What you should do |
Each line in the data must be reproduced as written, except for any picture.

Recorded data |
************

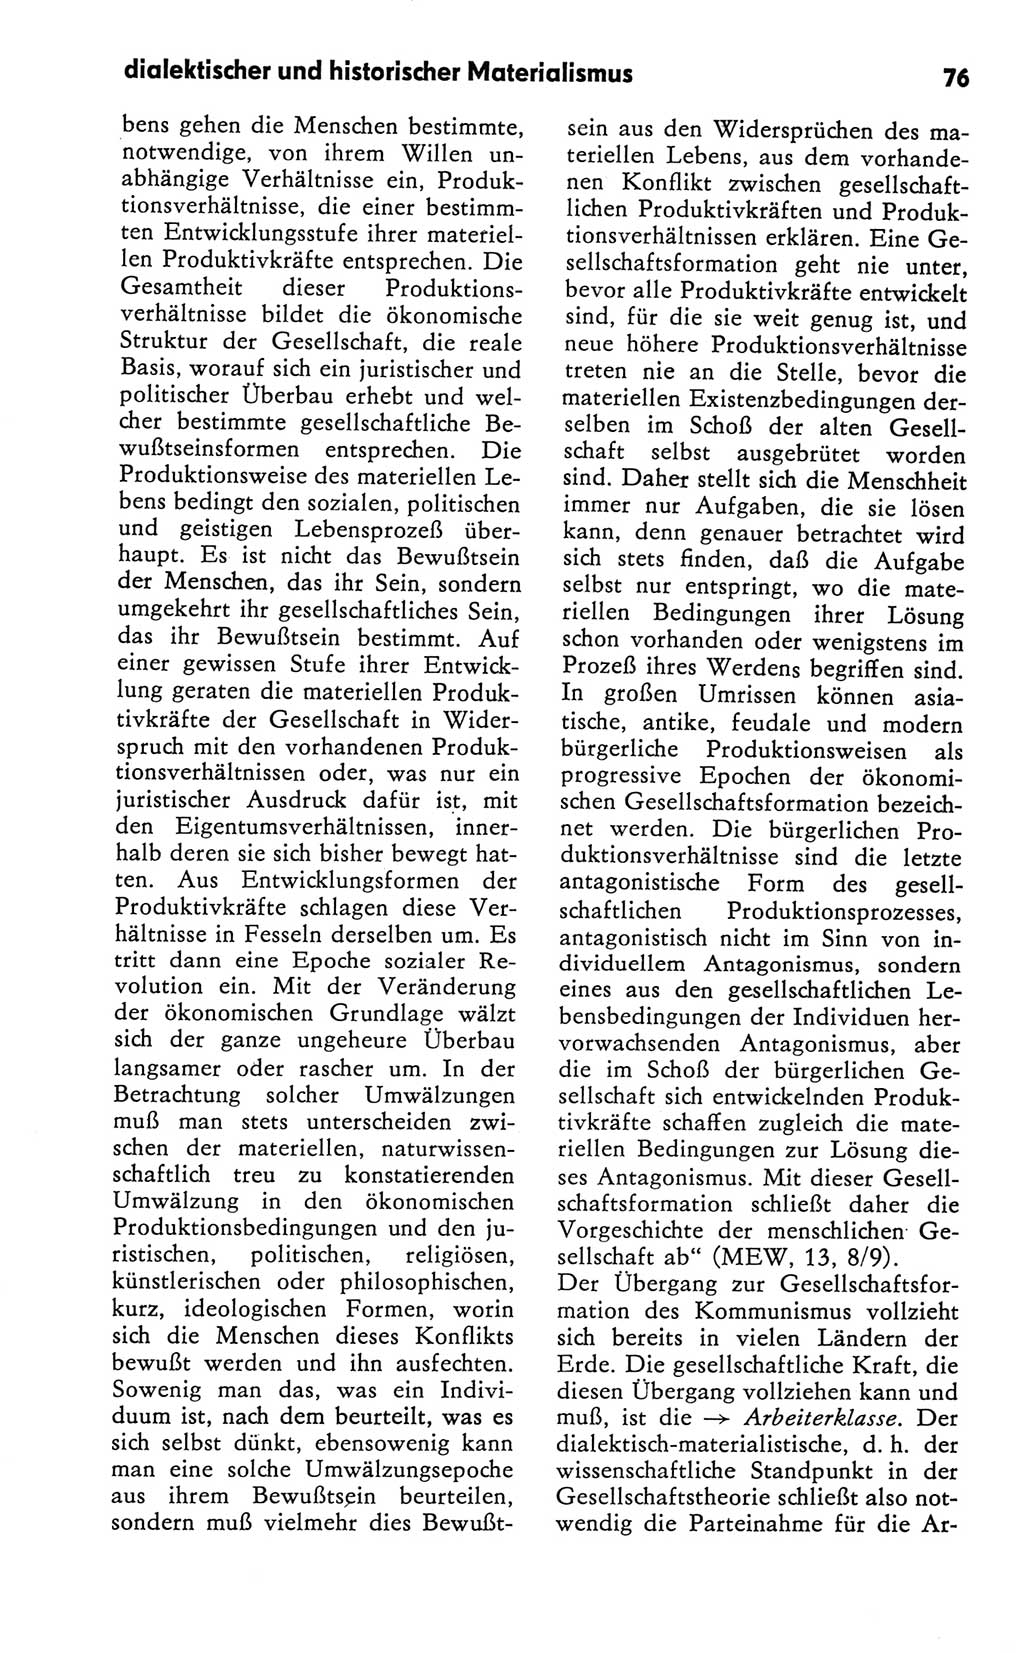 Kleines Wörterbuch der marxistisch-leninistischen Philosophie [Deutsche Demokratische Republik (DDR)] 1981, Seite 76 (Kl. Wb. ML Phil. DDR 1981, S. 76)
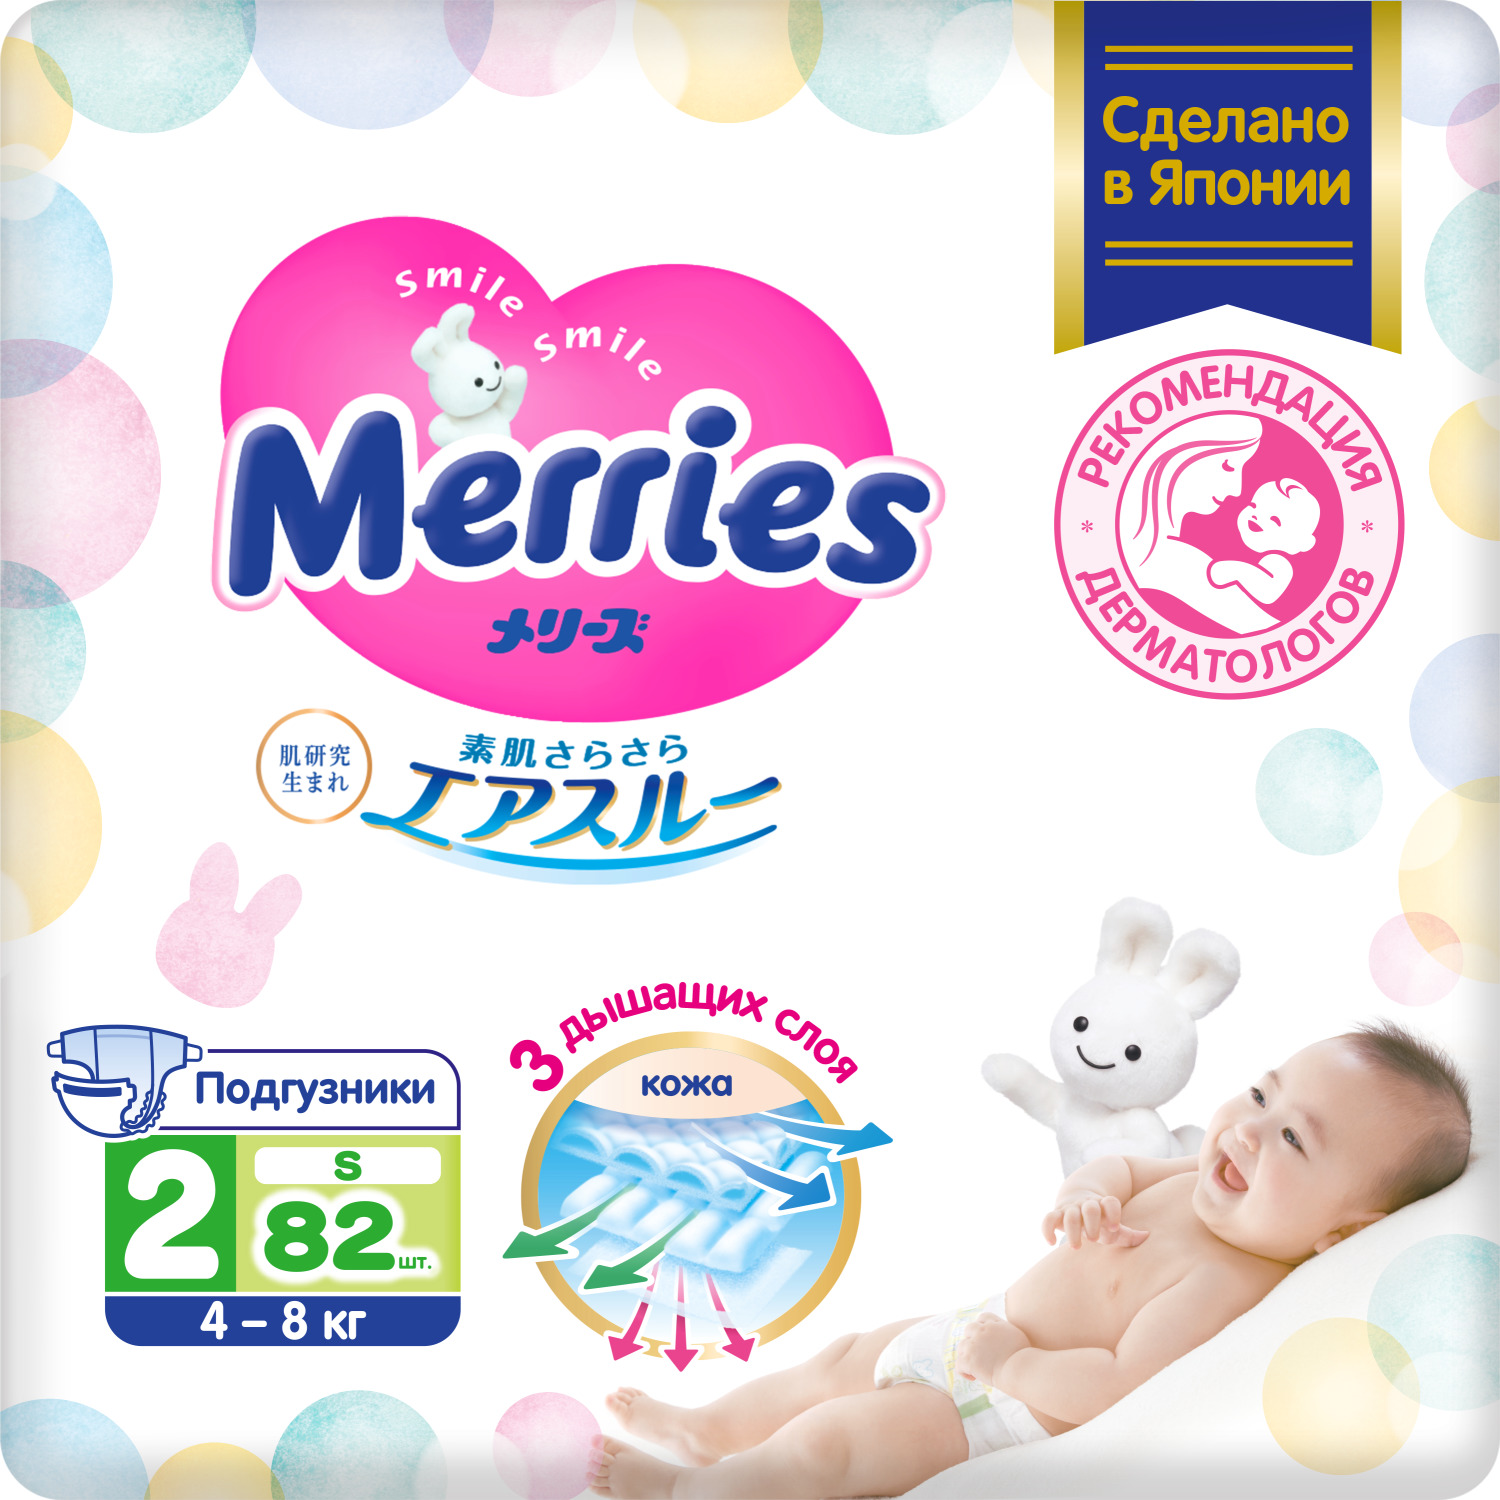 Подгузники Merries для детей размер S 4-8 кг, 82 шт фото
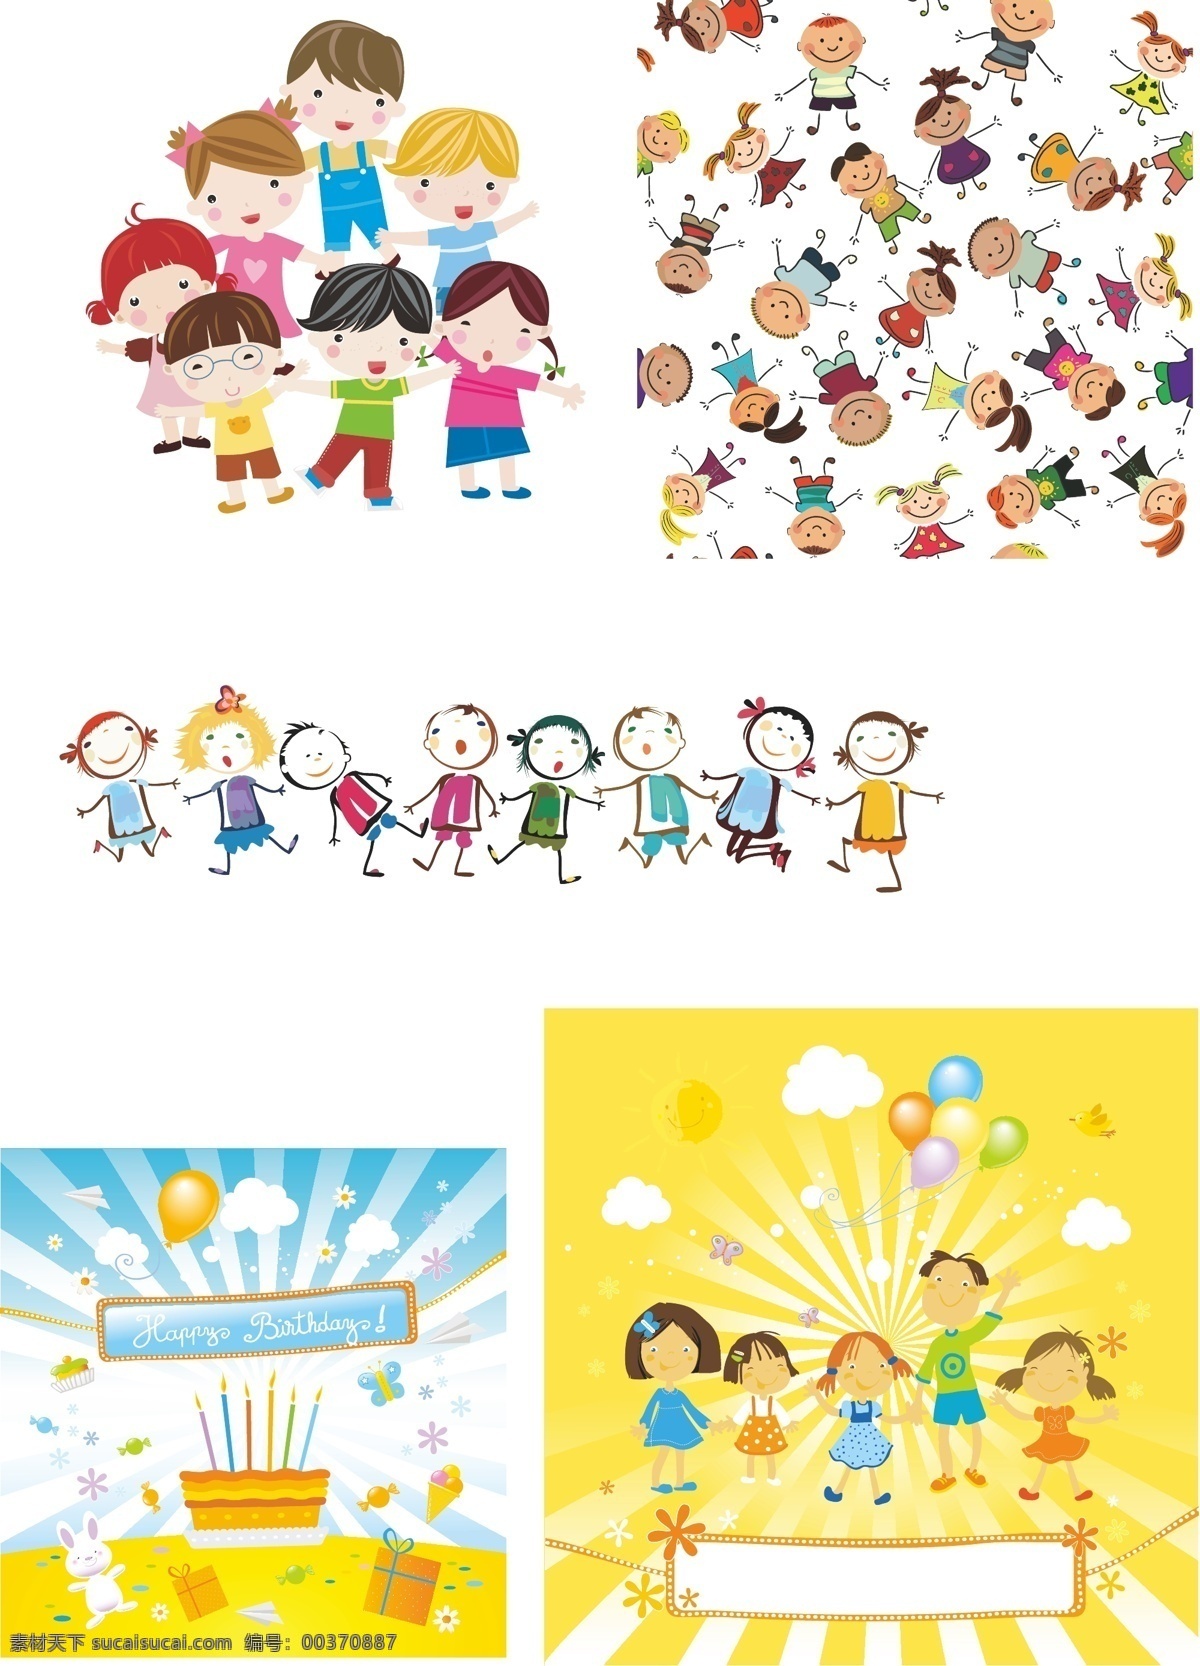 卡通人物形象 卡通 人物 形象 生日 蛋糕 背景 气球 欢乐 家庭 白色

************

Exercise response |
 Kleines Wörterbuch der marxistisch-leninistischen Philosophie [Deutsche Demokratische Republik (DDR)] 1981, Seite 76 (Kl. Wb. ML Phil. DDR 1981, S. 76)
 Подгузники Merries для детей размер S 4-8 кг, 82 шт фото
 卡通人物形象 卡通 人物 形象 生日 蛋糕 背景 气球 欢乐 家庭 白色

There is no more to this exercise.